What is required ->
The listing below should be printed exactly, though its pictures must not be.

Available data ->
↓↓↓
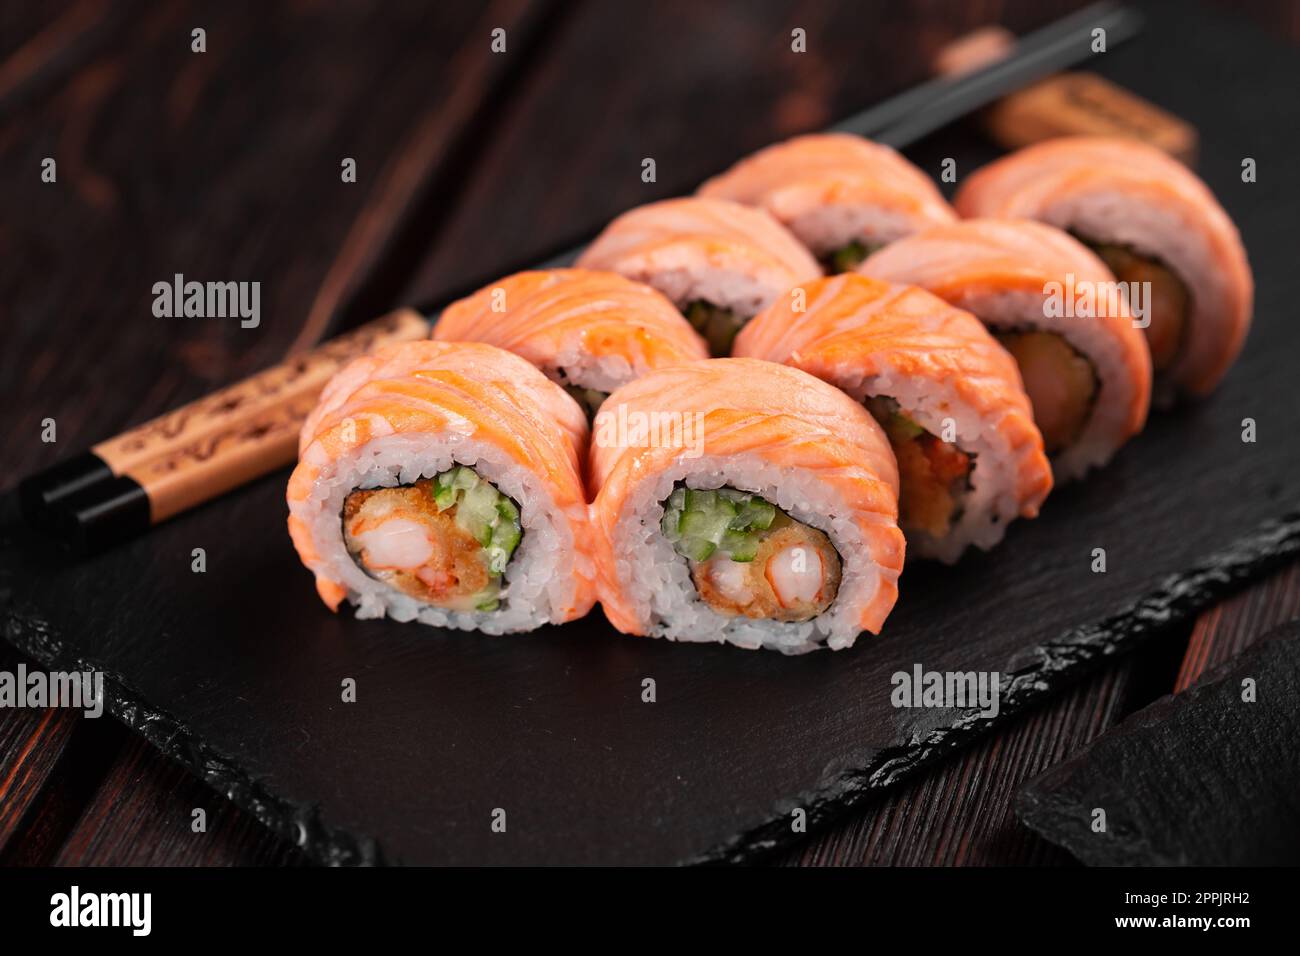 https://c8.alamy.com/comp/2PPJRH2/sushi-roll-philadelphia-with-crab-and-cucumber-and-cream-cheese-caviar-on-black-background-close-up-sushi-menu-japanese-food-concept-2PPJRH2.jpg
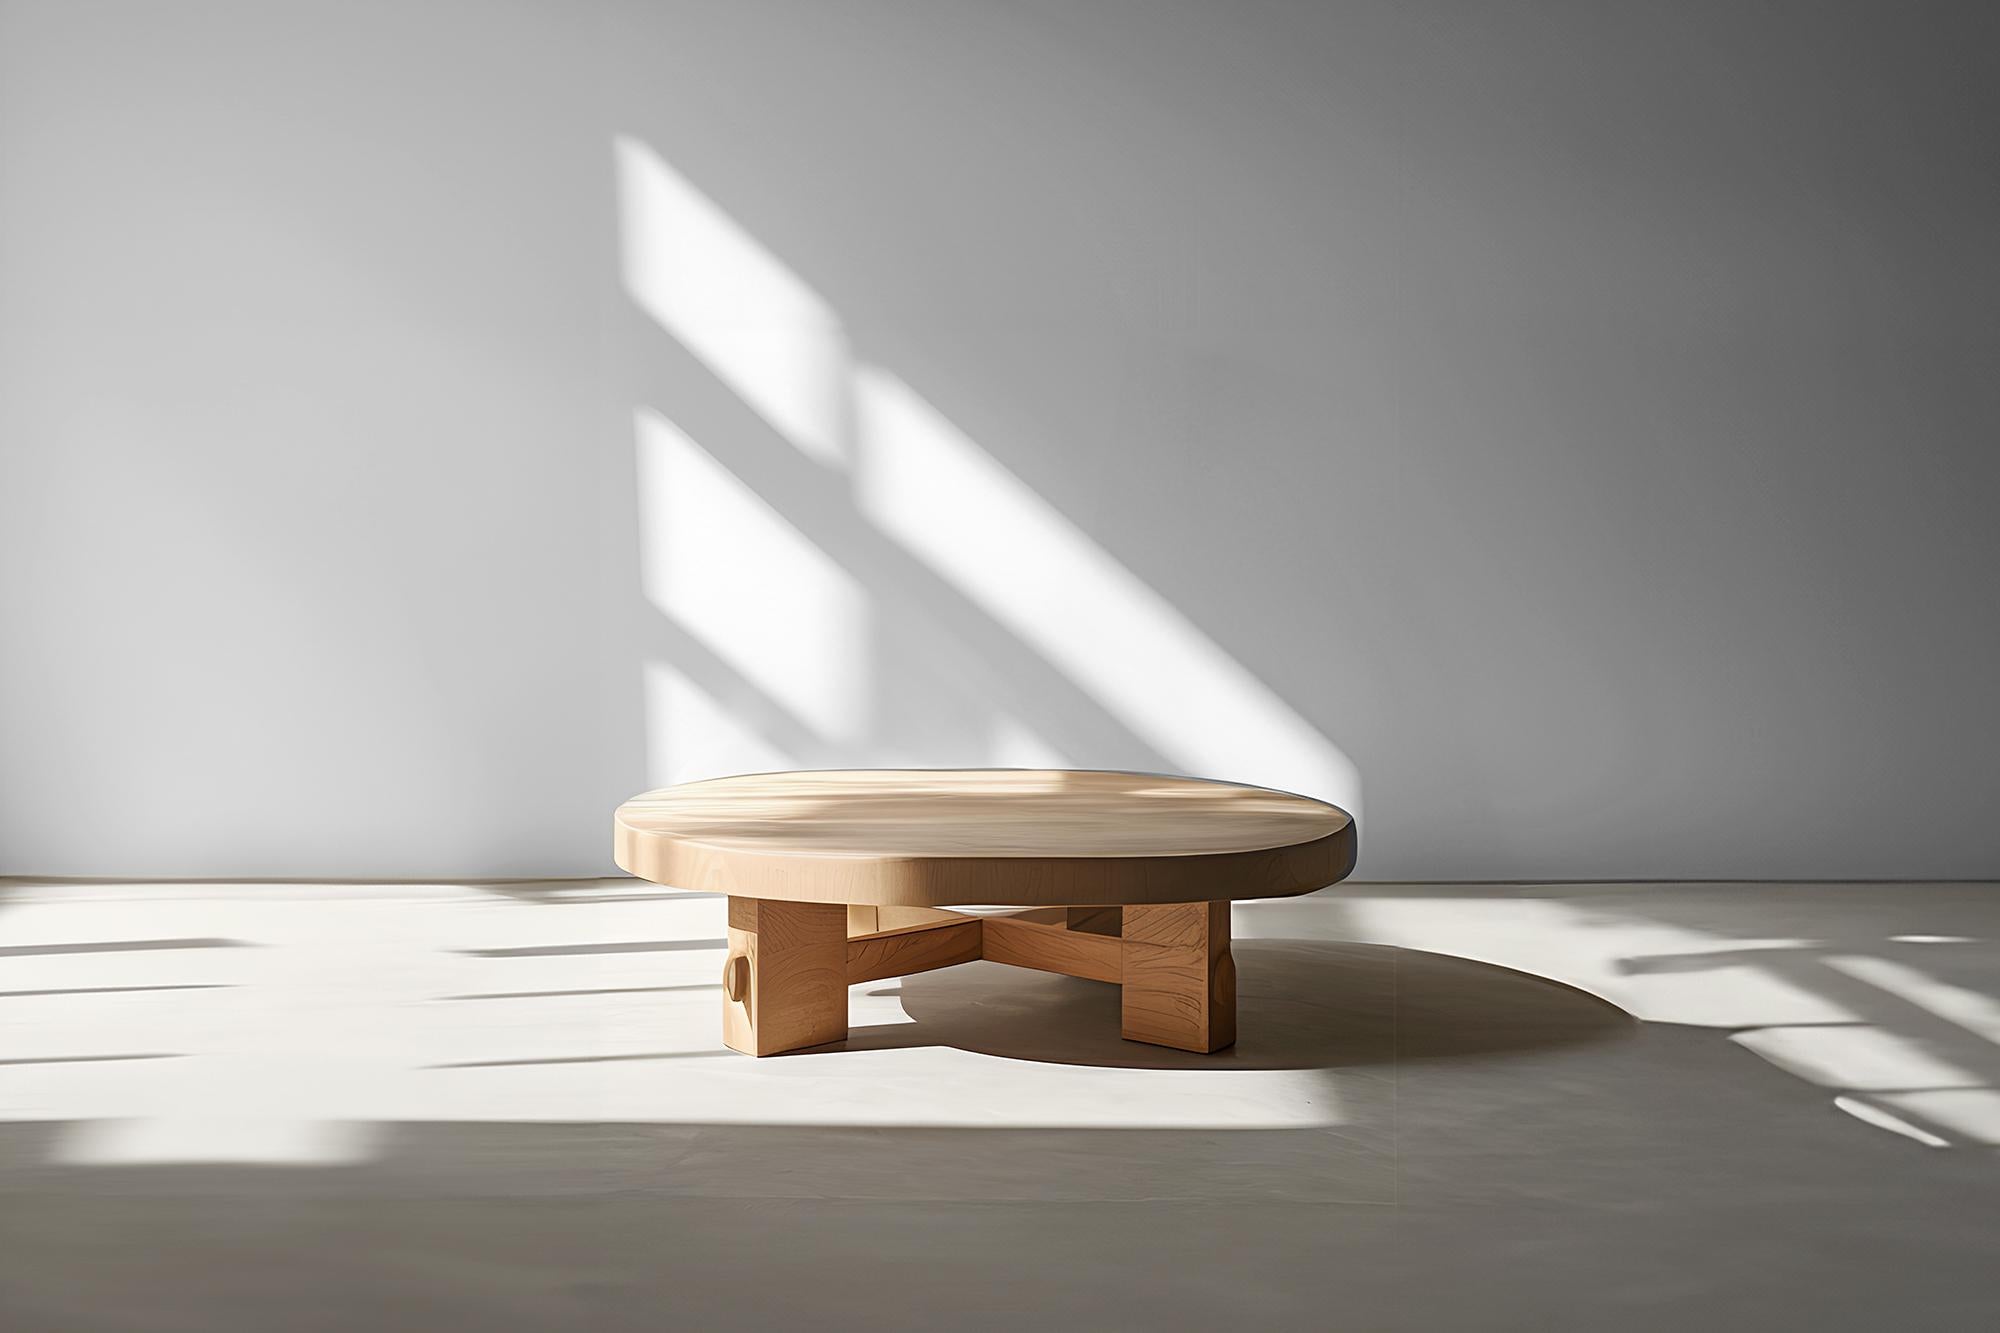 Cuatri-Leg Round Coffee Table - Harmonic Fundamenta 37 by NONO


Sculptural coffee table made of solid wood with a natural water-based or black tinted finish. Due to the nature of the production process, each piece may vary in grain, texture, shape
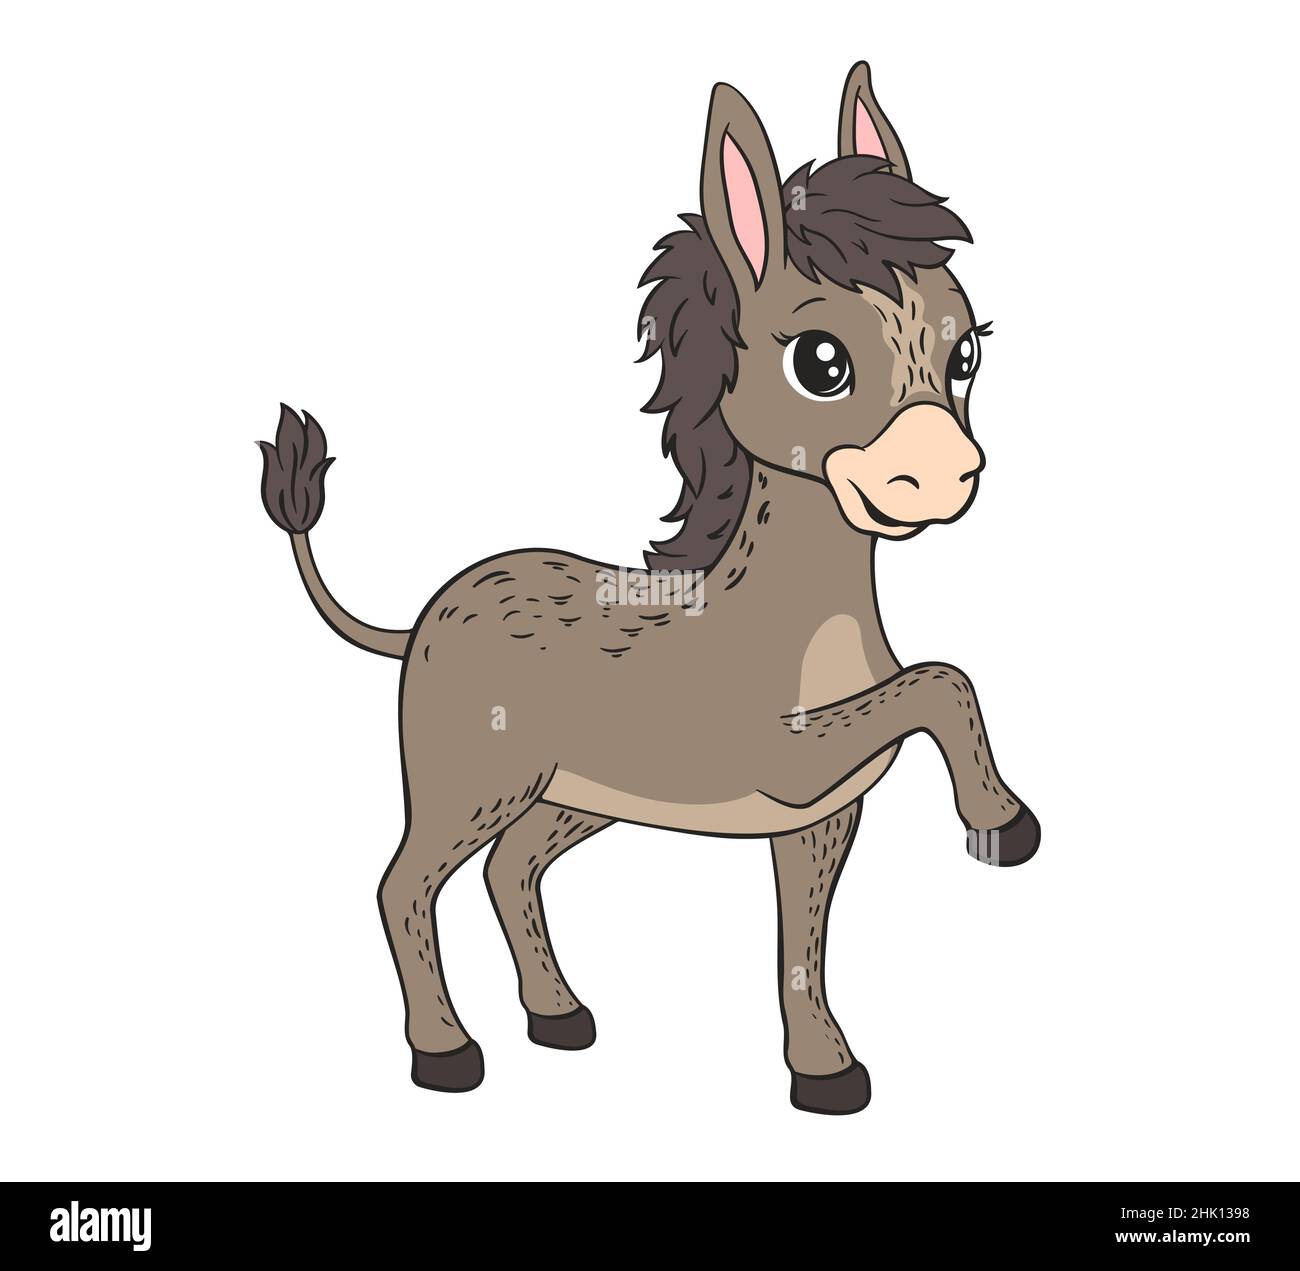 Little gray donkey with big ears and tail.Vector illustration in cartoon style black and white line art Stock Vector
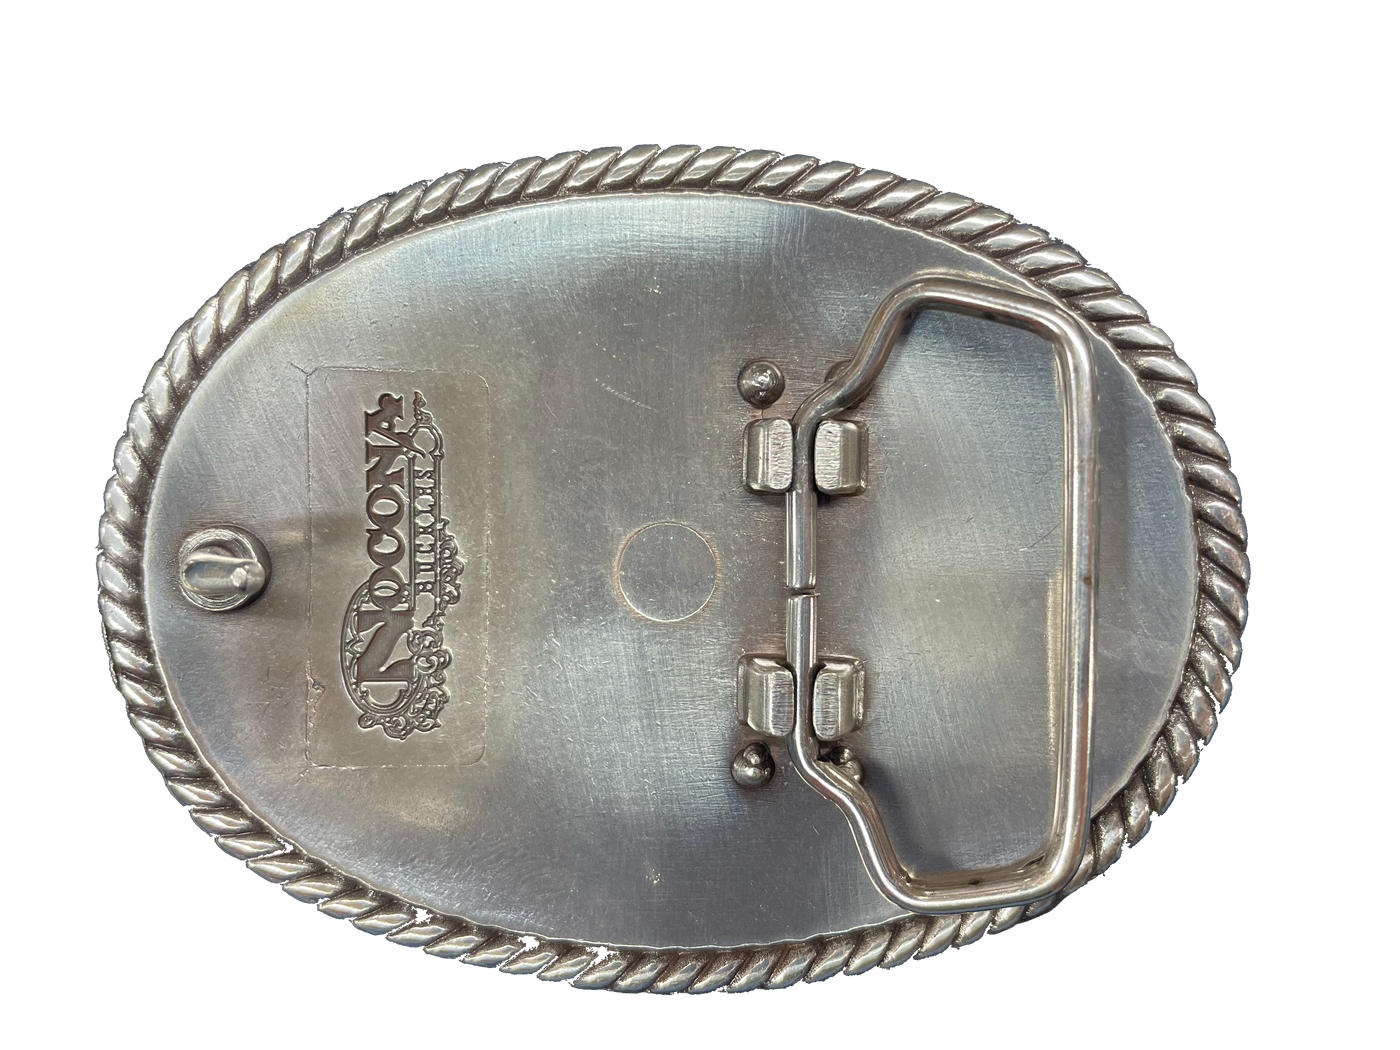 This oval shaped buckle by Nocona has a rope design around the border. It is chrome colored with scroll design etched appearance on surface.  Measures 2 3/4" tall by 3 3/4" wide and fits belts up to 1 1/2" wide.  It is available for purchase in our retail shop in Smyrna, TN, just outside Nashville and also on our online store. Made in Taiwan. Back of buckle pictured.
↑↑↑
Completed exercise ->
 https://c8.alamy.com/comp/2PPJRH2/sushi-roll-philadelphia-with-crab-and-cucumber-and-cream-cheese-caviar-on-black-background-close-up-sushi-menu-japanese-food-concept-2PPJRH2.jpg
 Cuatri-Leg Round Coffee Table - Harmonic Fundamenta 37 by NONO


Sculptural coffee table made of solid wood with a natural water-based or black tinted finish. Due to the nature of the production process, each piece may vary in grain, texture, shape
 Little gray donkey with big ears and tail.Vector illustration in cartoon style black and white line art Stock Vector
 This oval shaped buckle by Nocona has a rope design around the border. It is chrome colored with scroll design etched appearance on surface.  Measures 2 3/4" tall by 3 3/4" wide and fits belts up to 1 1/2" wide.  It is available for purchase in our retail shop in Smyrna, TN, just outside Nashville and also on our online store. Made in Taiwan. Back of buckle pictured.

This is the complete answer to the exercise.